Editorial: Mammoth ethical dilemma
Monday, Oct. 8, 2007 | 7:16 a.m.
Anyone who thinks that bringing extinct animals back to life is an idea found only in fiction - a la Jurassic Park - must not be keeping up with the scientific journals.
More is being learned all the time about how a woolly mammoth or other ancient animal could be brought back to existence through cloning.
A recent article in the journal Science reported that researchers have now discovered how to extract viable genetic material from ancient hair.
Important about this discovery is that hair from mammoths and other animals that went extinct thousands of years ago is in plentiful supply in museums, private collections and even caves in the southwestern United States.
It was previously believed that ancient bones, in short supply and hard to find under layers of soil and ice in random locations, were the only sources of DNA needed for cloning.
With new techniques for sequencing DNA being developed, and with sources for the genetic material - at least for Ice Age animals such as mammoths - now known to be plentiful, scientists are moving toward the day when fiction becomes reality.
In a story about the Science article, the Los Angeles Times quoted an evolutionary geneticist who said deciphering the complete mammoth genome is "doable, and it's on the horizon" in the next 50 to 100 years.
We're relieved that the breakthrough will take some time.
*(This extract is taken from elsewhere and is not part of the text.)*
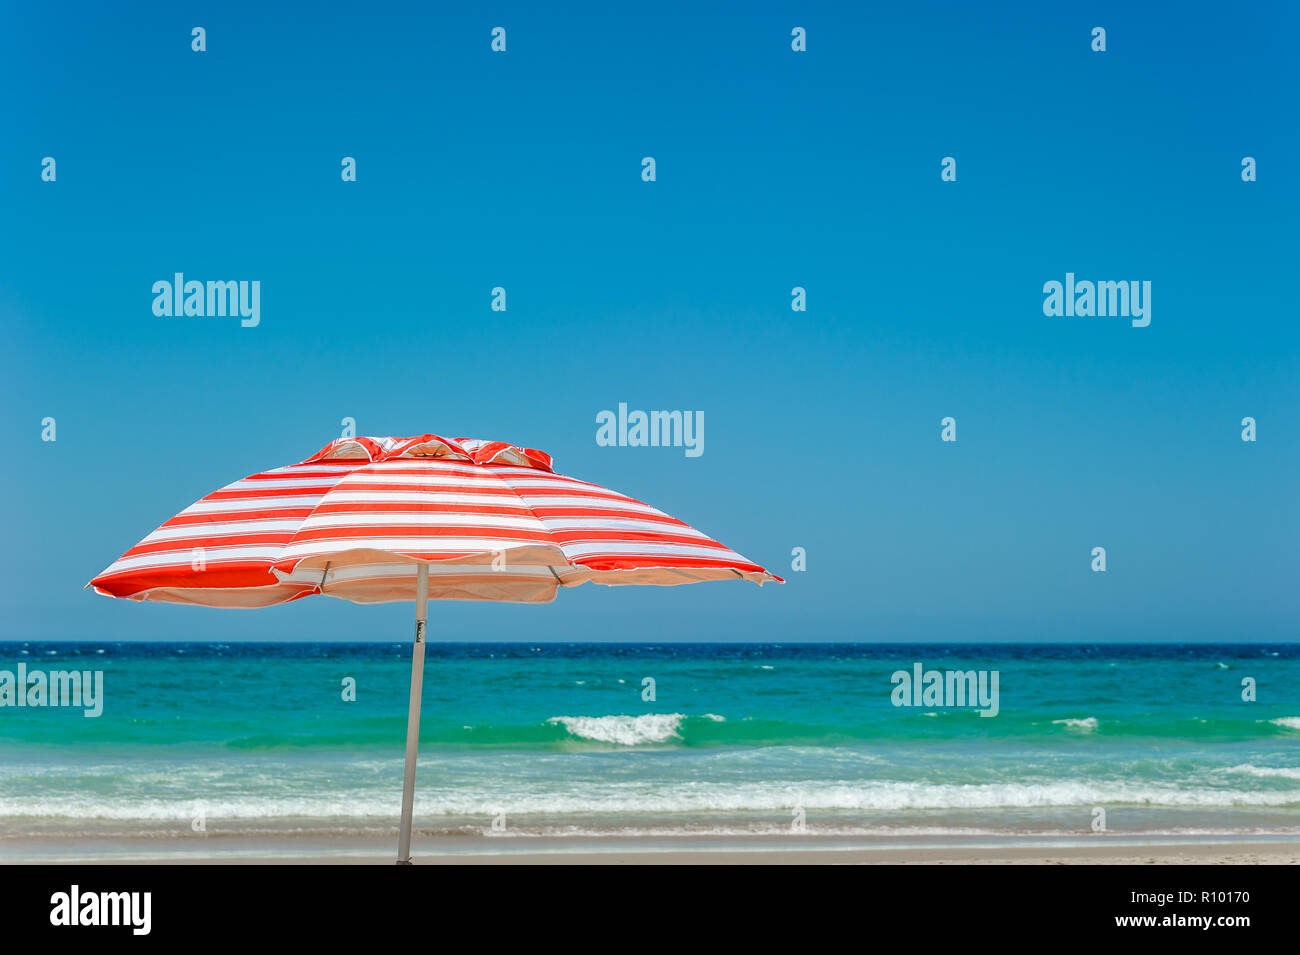 My red and white striped beach umbrella stands as an iconic symbol to a beach lifestyle and culture on Surfer's Paradise Beach at the Gold Coast. Stock Photo
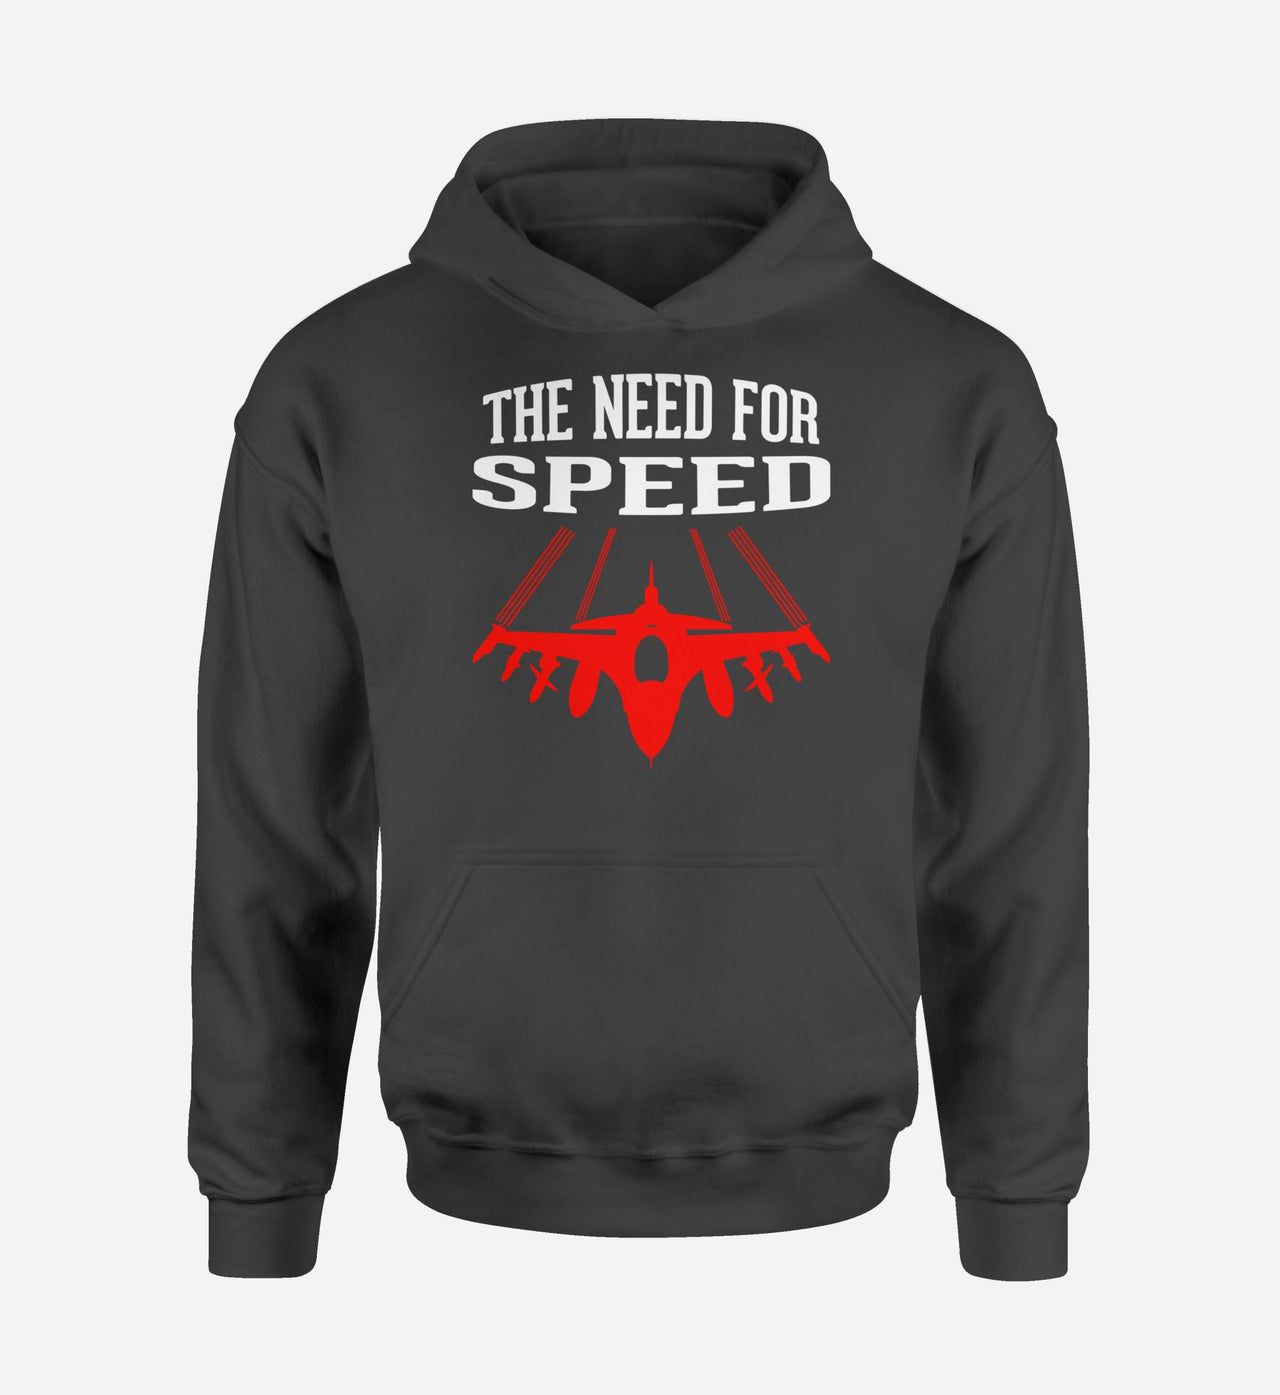 The Need For Speed Designed Hoodies

All of us, not just scientists, need to think about whether recreating an ancient life form is ethical - or smart.
If it is OK to clone a mammoth and put it on display, would it be OK then to bring back near-human Neanderthal individuals and confine them to labs and zoos?
Rather than pour billions into efforts to bring back animals or subhumans whose time has long passed, we should instead invest in the habitats of living animals, including us humans. Better not to go extinct in the first place than to be brought back not as a free-ranging life form, but as a curiosity.